Periodic Reporting for period 2 - PETRIFYING WEALTH (Petrifying Wealth. The Southern European Shift to Masonry as Collective Investment in Identity, c.1050-1300)

Reporting period: 2018-07-01 to 2019-12-31

Between the years 1050 and 1300 the European landscape turned to stone. It was a structural transformation that led to the birth of a new, long-lasting panorama and helped in the creation of individual, collective and regional identities: a landscape epitomising the way we see the space and territory of Europe. The Petrifying Wealth project seeks to rewrite the social history of the central Middle Ages, emphasizing the need to reassess from an untried perspective an element that has always been present in our vision of the period—the sudden ubiquity of masonry construction—but which has hardly been given the opportunity to provide in-depth explanations for complex social dynamics. It is a project that seeks to offer novel explanations to previously unasked questions about wealth, building, and collective identity.
The speed, extent, and systematization of the construction of churches, towers, castle walls, palaces, and houses within castles and cities provide evidence of an underlying, if unaddressed, issue. It is precisely in the twelfth and thirteenth centuries that the structural link can most clearly be seen between both private and collective wealth, and the investment in stone structures built to last. The study of the shift involving new institutional dynamics, but also unprecedented social practices, as well as ideological concepts radically different from those that had prevailed until then, aims to break down assumptions that have naturalized this truly astonishing process while using as case studies the undervalued regions of southern Europe to explore the larger questions.
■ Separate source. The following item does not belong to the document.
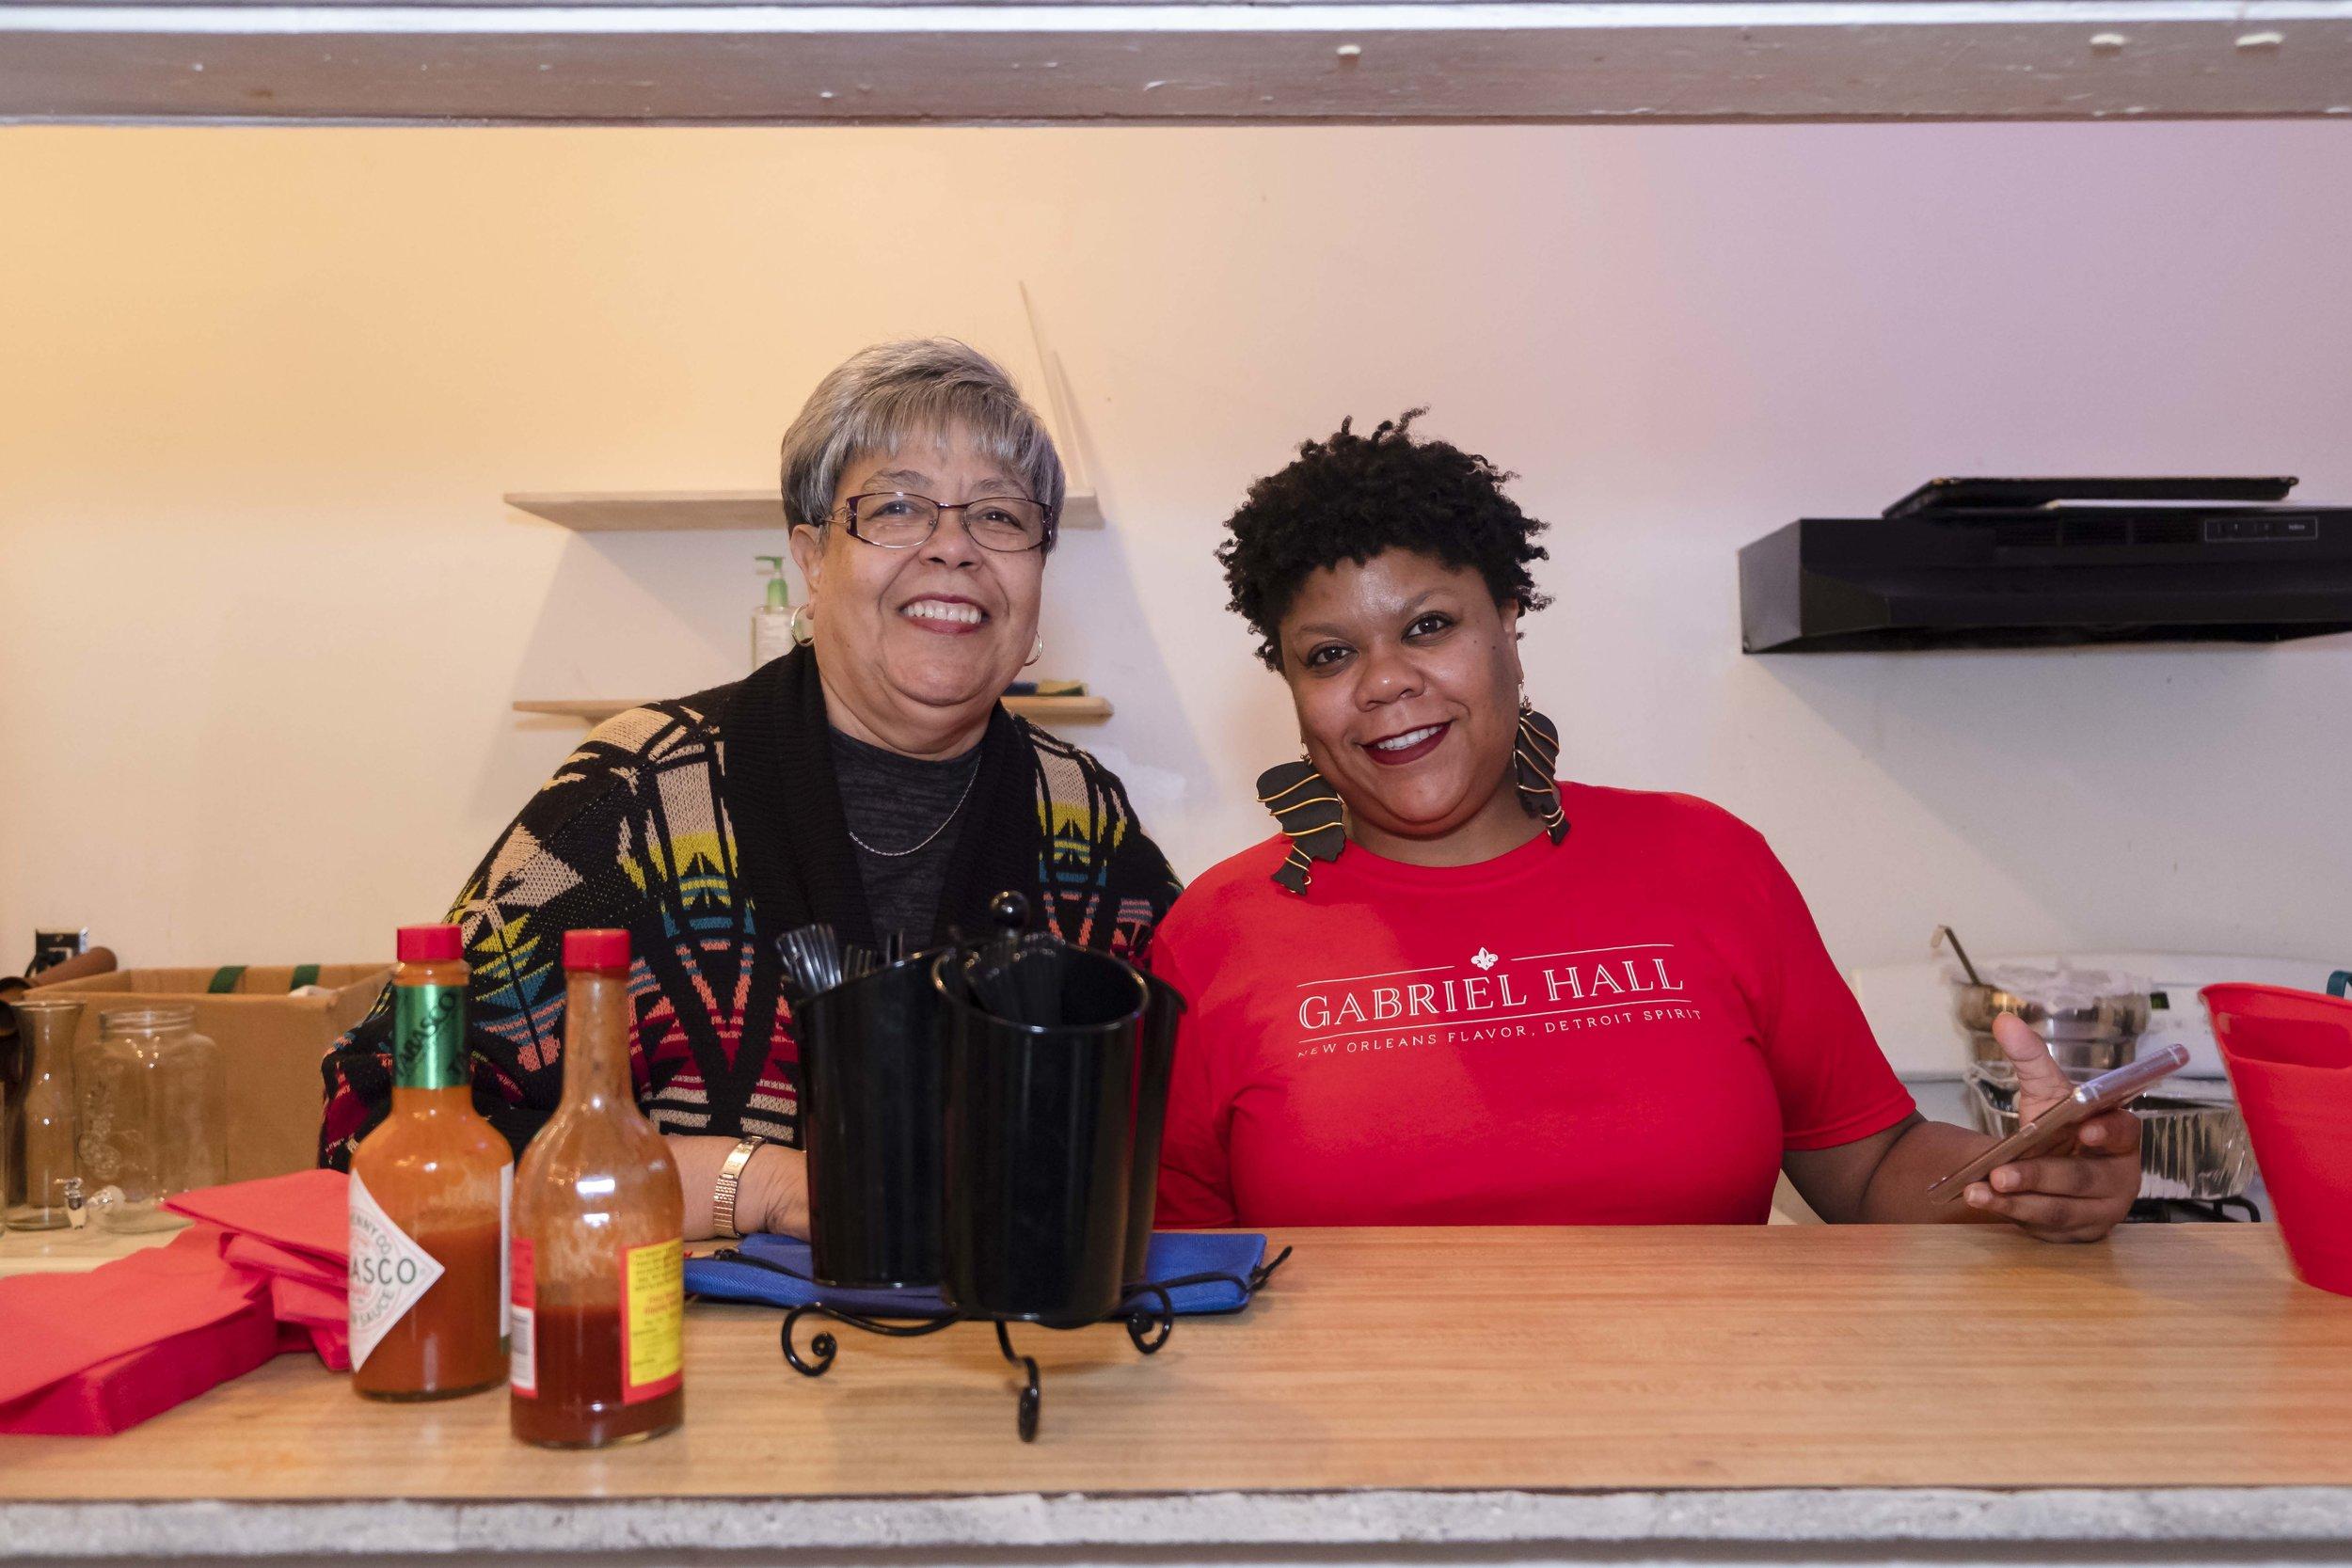 Chef Ederique of Gabriel Hall    |  Louisiana Cuisine & More!

By inverting the standard approach that sees the heart of the former Carolingian empire (present-day France and Germany) as the wellspring from which other “peripheral” territories drank, Dr. Ana Rodríguez and Dr. Sandro Carocci are undertaking to bring new light to probe the greater meaning behind the process of masonry building as an investment in social identity in the central Middle Ages.
"A report submitted in fulfillment of the requirements for GA695515, reporting period months 1-18. Start up date of the project: January, 1st, 2017.
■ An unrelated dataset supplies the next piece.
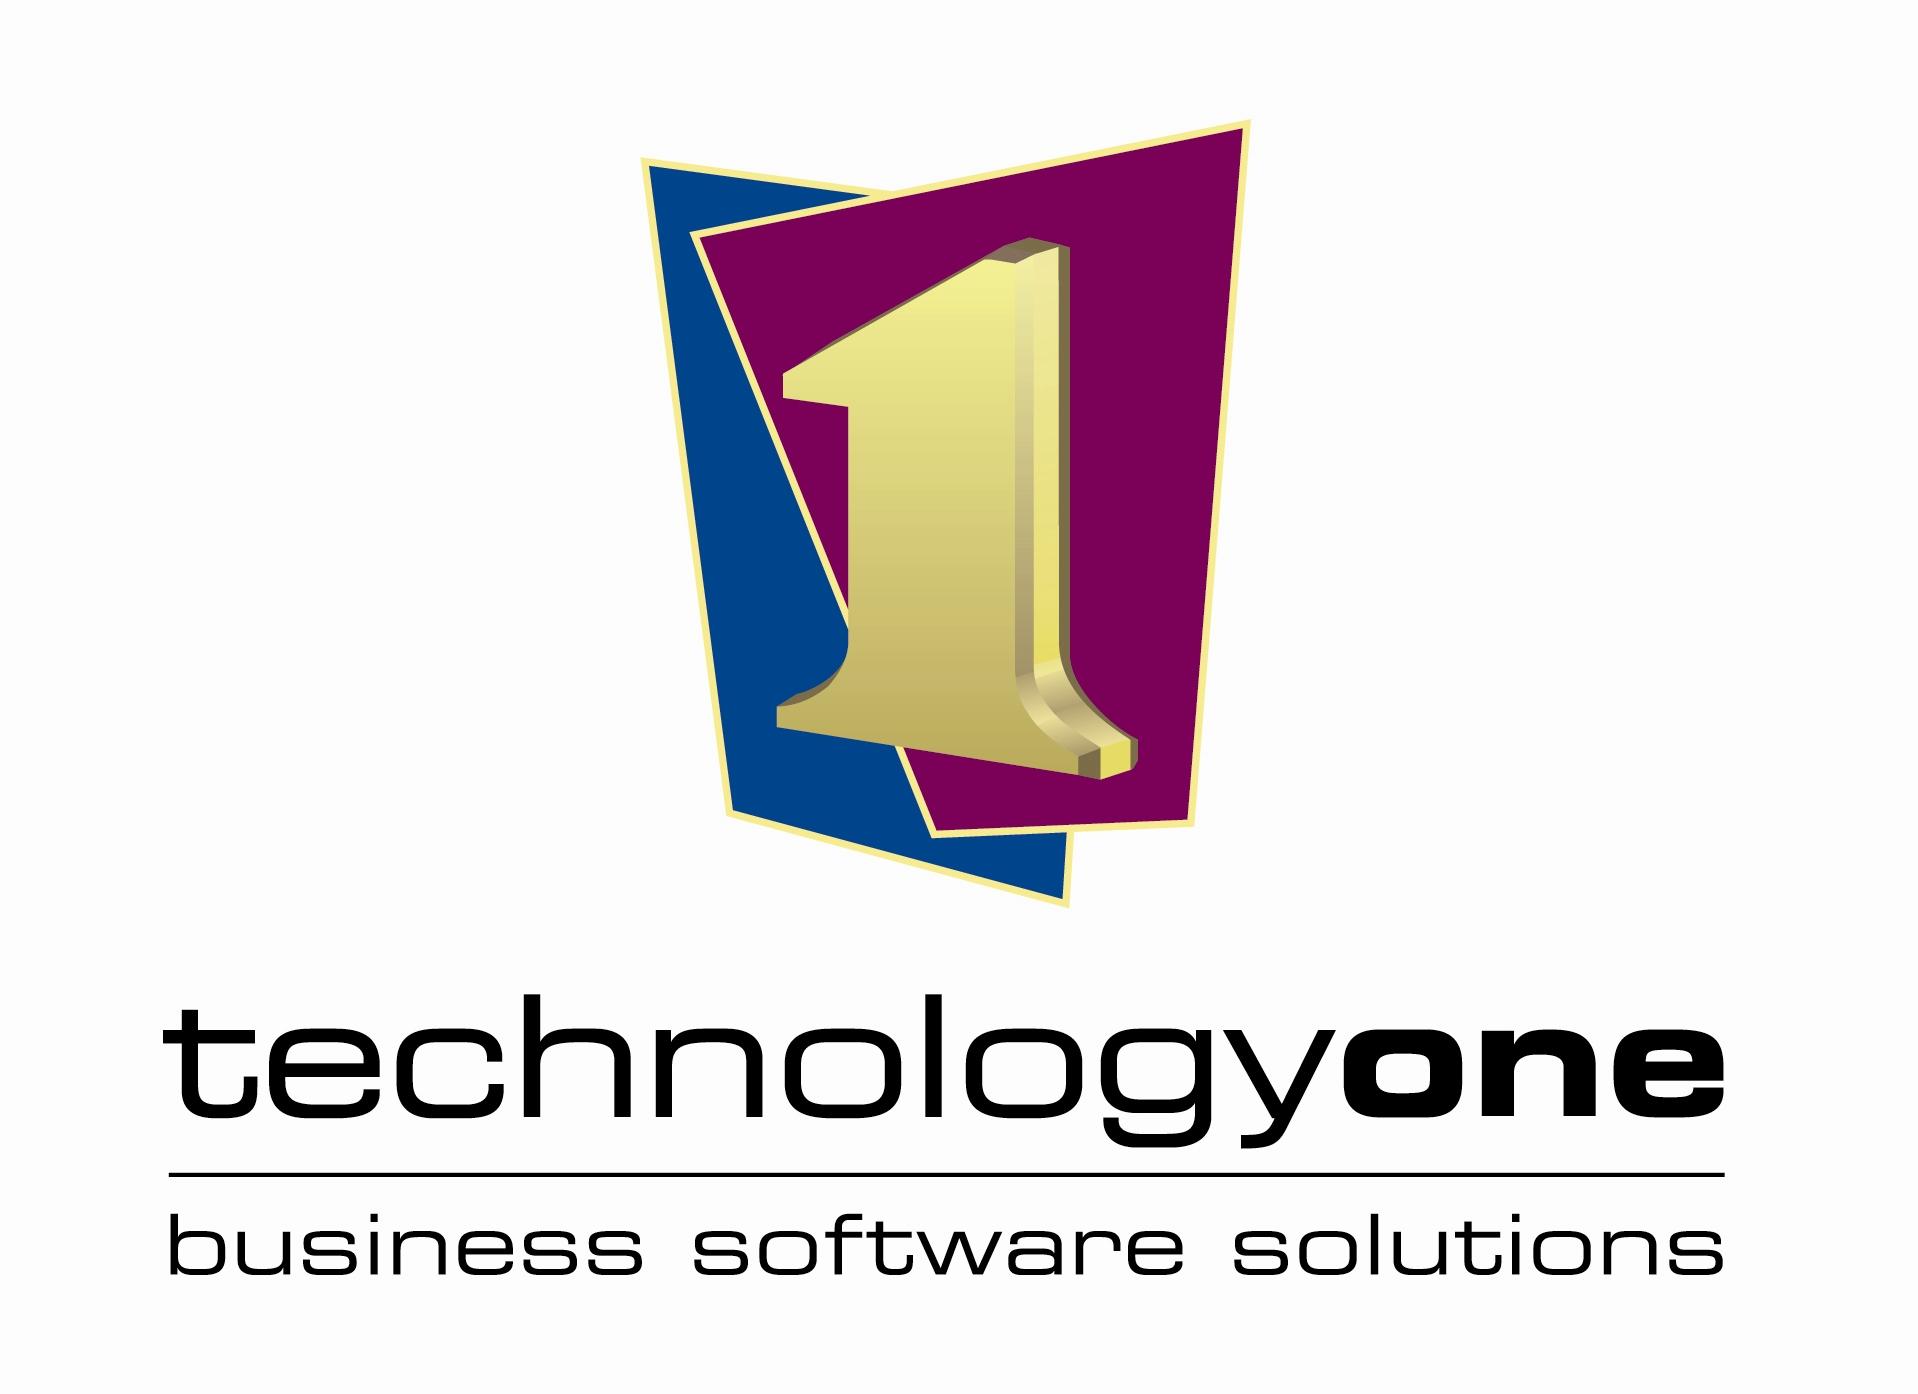 Technology One Logo

""Petrifying Wealth. The Southern European Shift to Masonry as Collective Investment in Identity, c. 1050-1300 "", ERC Advanced Grant, is a project that aims to analyse the structural transformations in Europe that led to the birth of a new landscape between the 11th and 13th centuries characterized by the amplitude and rapid diffusion of stone constructions and other durable materials. Within the framework of these research lines, the team is currently working on the development of an open PostgreSQL database covering the mentioned period in Iberia and some regions of Italy and Southern France including fields such as history, art history, architecture and archeology of architecture . This database will have its corresponding spatial extension PostGIS, which will make it possible to visualise and analyse the breadth of phenomenon, with the ultimate objective of studying in depth not only new institutional dynamics, but also the social uses and conceptions ideologies previously unpublished, until that moment, in Western Europe.

For its most part Petrifying Wealth is managing data already structured in collected databases or from bibliographic or documentary sources. Currently the team is working on the following research data in order to develop the common database:

• Enciclopedia del Románico (Encyclopedia of Romanesque Art) developed by the Santa Maria la Real Foundation (Fundación Santa María La Real del Patrimonio Histórico (FSMLRPH), a non-profit Spanish private cultural foundation. An agreement has been signed between the FSMLRPH and the CSIC in order to have access to this database of more than 5.000 references to Romanesque buildings in Iberia.
• Case studies: currently Petrifying Wealth's interdisciplinary team is working in Segovia, Zamora, Soria, the rural area of Merindades de Castilla (Burgos), Rome, Tivoli and Tuscany. Other possible case studies are now being selected. Field work undertaken by the PhD and posdoctoral members of the project will constitute specific datasets.
• Rome: the team is expanding and completing the data obtained from the project Forma Urbis della Roma medievale of the Laboratorio di Archeologia Medievale of the Università di Roma Tor Vergata (principal investigators: Sandro Carocci, Alessandra Molinari).
• Patrimonial data available in public administrations and administrative data.

Parallel to the work with patrimonial spatial entities, the analysis of written sources, both paleographic and epigraphic, contemporary to the period of study (11th to 13th centuries) is being carried out. Of particular relevance are the documentary collections of Segovia, León, Zamora, Burgos and some monasteries of the same regions; in Italy the documentary collection of Genoa, Rome, Verona and other cities.
Finally, mention should be made of the bibliographic management of the project. Mendeley is the chosen tool for managing citations, creating bibliographies and organizing PDFs. We have so far included more than 600 references.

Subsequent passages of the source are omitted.